Benatar’s views accord well with my own – that, although individual humans may find things valuable in relation to their lives, there is no universal meaning or value, except that suffering is, in a sense, a universal wrong. (Of course, suffering can only be experienced by sentient beings, so suffering will always be bad in relation to them, because without sentient beings, there can be no suffering. But in the sense that it is objectively worse for a sentient being to experience suffering than for the being not to have come into existence at all, it is a universal (negative) value.) I do not see any value in sentience or consciousness or life, compared to its utter absence in the universe. However, I prickle at the notion that this is nihilistic or misanthropic, because my feeling comes from the experience that human suffering is horrible, animal suffering is horrible, and there is nothing in the world to compensate for it.

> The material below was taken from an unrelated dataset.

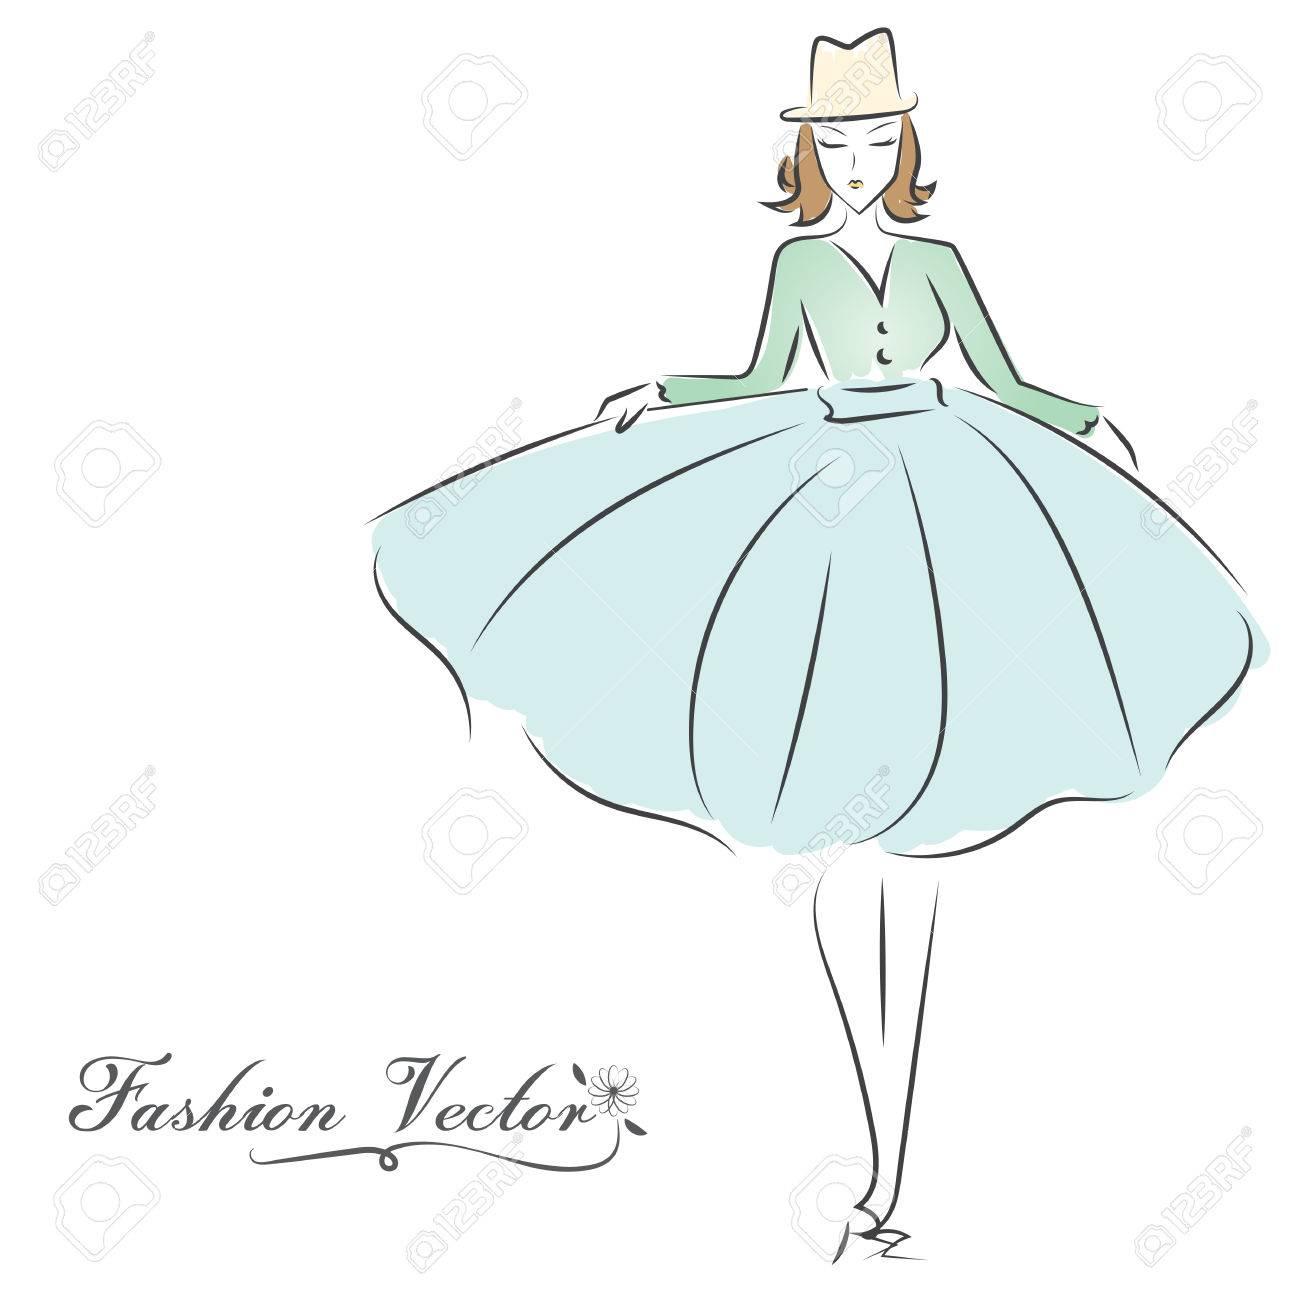 Fashion dresses drawings

However, I recognize that this view rests on a particular intuitional theory of value. Some might posit that sentience itself has value, or even that suffering itself has positive value. Some seem to take the continuation of humanity (non-extinction) as the primary value, such that no amount of suffering could ever make it not worthwhile to continue humanity. I currently see this as a clash-of-intuition situation, and am not sure how to counter it.